An open API service indexing awesome lists of open source software.

https://github.com/guidok91/airflow

Airflow setup with Kubernetes.
https://github.com/guidok91/airflow

airflow docker helm kubernetes postgresql

Last synced: 4 months ago
JSON representation

Airflow setup with Kubernetes.

Awesome Lists containing this project

README

          

# Sample Airflow setup with Kubernetes
[Apache Airflow](https://airflow.apache.org/) sample setup with Kubernetes.

Spins up a local Kubernetes cluster for Airflow with [Kind](https://kind.sigs.k8s.io/):
- Leverages [Airflow's official Helm chart](https://airflow.apache.org/docs/helm-chart/stable/index.html).
- Uses a PostgreSQL database for Airflow.
- Uses [Kubernetes Executor](https://airflow.apache.org/docs/apache-airflow/stable/core-concepts/executor/kubernetes.html) to run each Airflow task on an isolated pod.

This is meant as a sample local setup. In order to run it in a production environment, please refer to the [Airflow Helm chart production guide](https://airflow.apache.org/docs/helm-chart/stable/production-guide.html).

- [Requirements](#requirements)
- [Instructions](#instructions)
- [Configuration](#configuration)
- [DAG deployment](#dag-deployment)
- [Custom Docker image for pods](#custom-docker-image-for-pods)
- [Logs](#logs)
- [Dependency management](#dependency-management)

## Requirements
[Kind](https://kind.sigs.k8s.io/), [Docker](https://www.docker.com/) and [Helm](https://helm.sh/) for local Kubernetes cluster.

## Instructions
The repo includes a `Makefile`. You can run `make help` to see usage.

Basic setup:
- Run `make k8s-cluster-up` to spin up local Kubernetes cluster with Kind.
- Run `make airflow-k8s-add-helm-chart` to add the official Airflow Helm chart to the local repo.
- Run `make airflow-k8s-create-namespace` to create a namespace for the Airflow deployment.
- Run `make airflow-k8s-up` to deploy Airflow on the local Kubernetes cluster.
- On a separate terminal, run `make airflow-api-server-port-forward` to be able to access the Airflow UI on http://localhost:8080.

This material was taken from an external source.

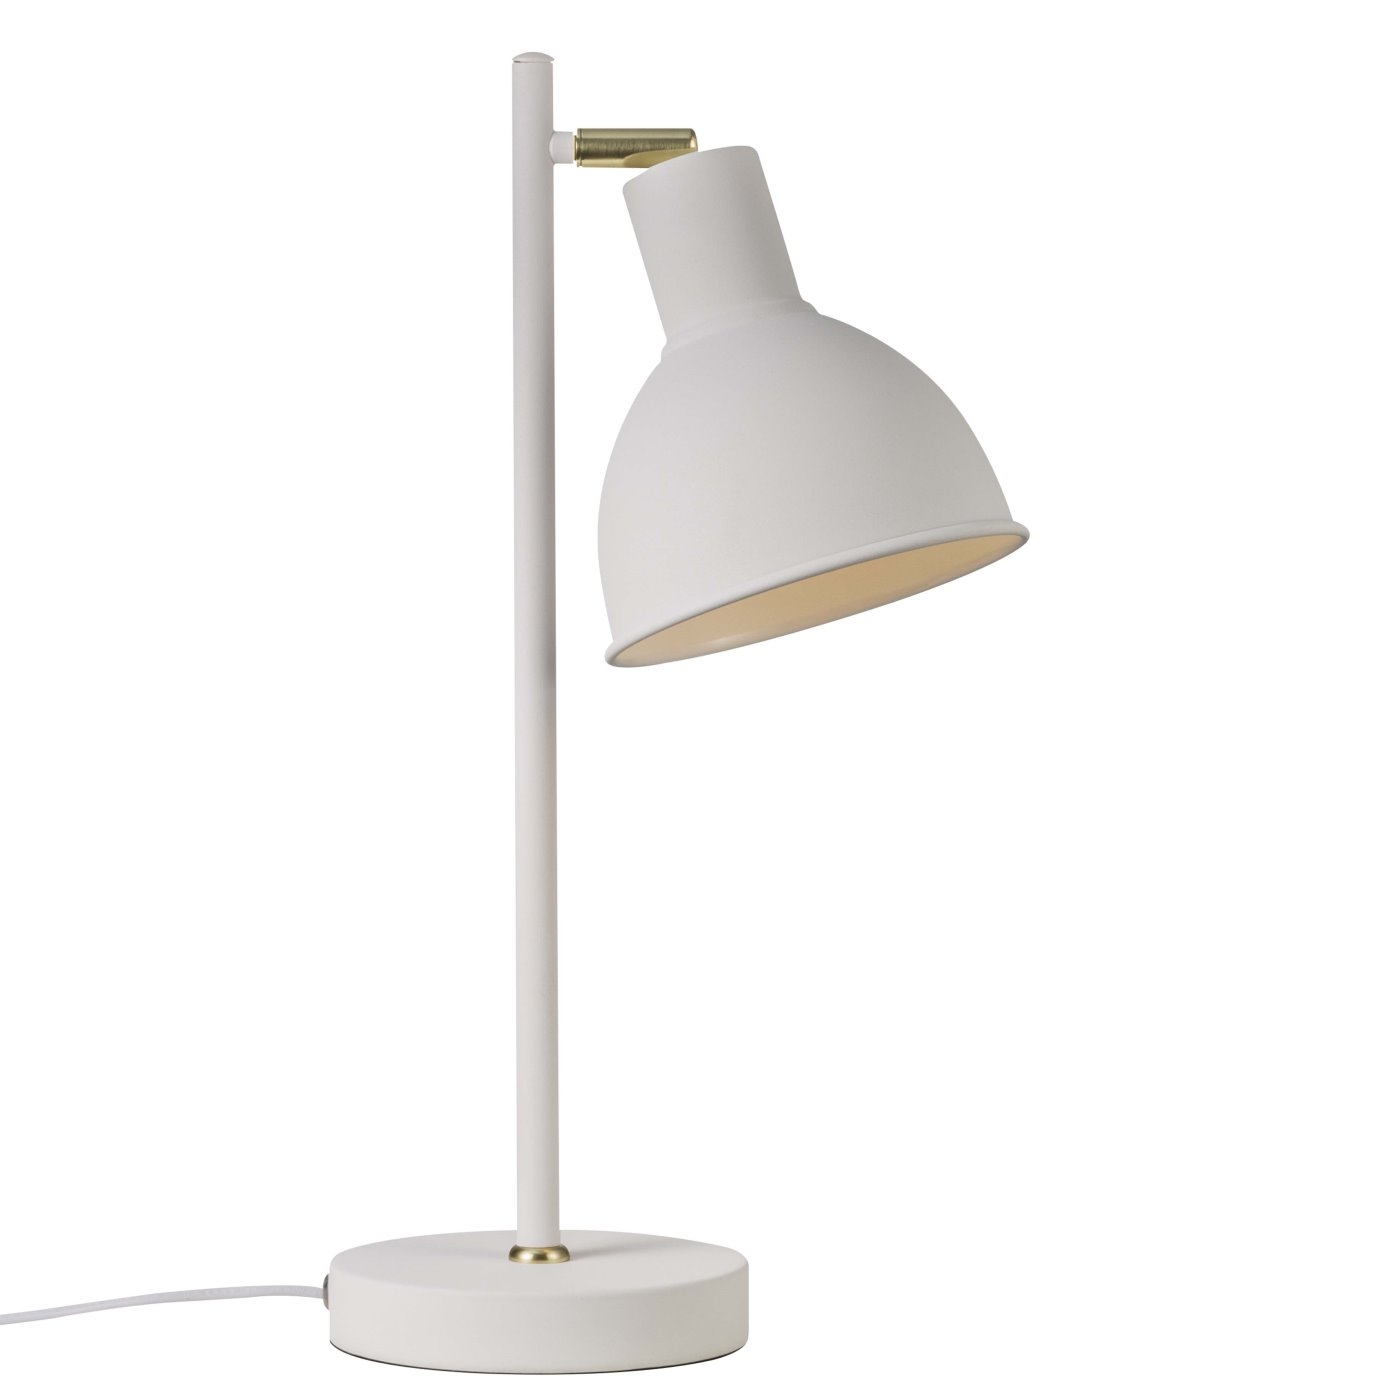 Tischlampe weiss Rau Nordlux Pop Ru Metall Schirm mit E27 Fassung unter Tischleuchten > Wohnraumleuchten > Beleuchtung

The credentials for the UI are admin/admin.

## Configuration
If you need to customize the Airflow deployment you can edit [values.yaml](k8s/values.yaml) accordingly.

if you need to tune [Airflow configuration](https://airflow.apache.org/docs/apache-airflow/stable/configurations-ref.html) you can add the corresponding environment variables in the `env` section of `values.yaml`.

The default `values.yaml` of the source Helm chart can be seen [here](https://github.com/apache/airflow/blob/main/chart/values.yaml).

## DAG deployment
DAGs are deployed via GitSync.

GitSync acts as a side car container alongside the other Airflow pods, synchronising the `dags/` folder in the pods with the DAGs located in a Git repo of your choice (in this case https://github.com/guidok91/airflow/tree/master/dags).

## Custom Docker image for pods
A custom [Docker image](Dockerfile) is provided for the pods. Here we can install the Airflow dependencies we need.

## Logs
So that Airflow logs don't get lost every time a task finishes (e.g. the pod gets deleted), the setup provides a [PersistentVolume](https://kubernetes.io/docs/concepts/storage/persistent-volumes/) that shares the logs with the host system in the `data/` folder.

## Dependency management
Dependabot is configured to periodically upgrade repo dependencies. See [dependabot.yml](.github/dependabot.yml).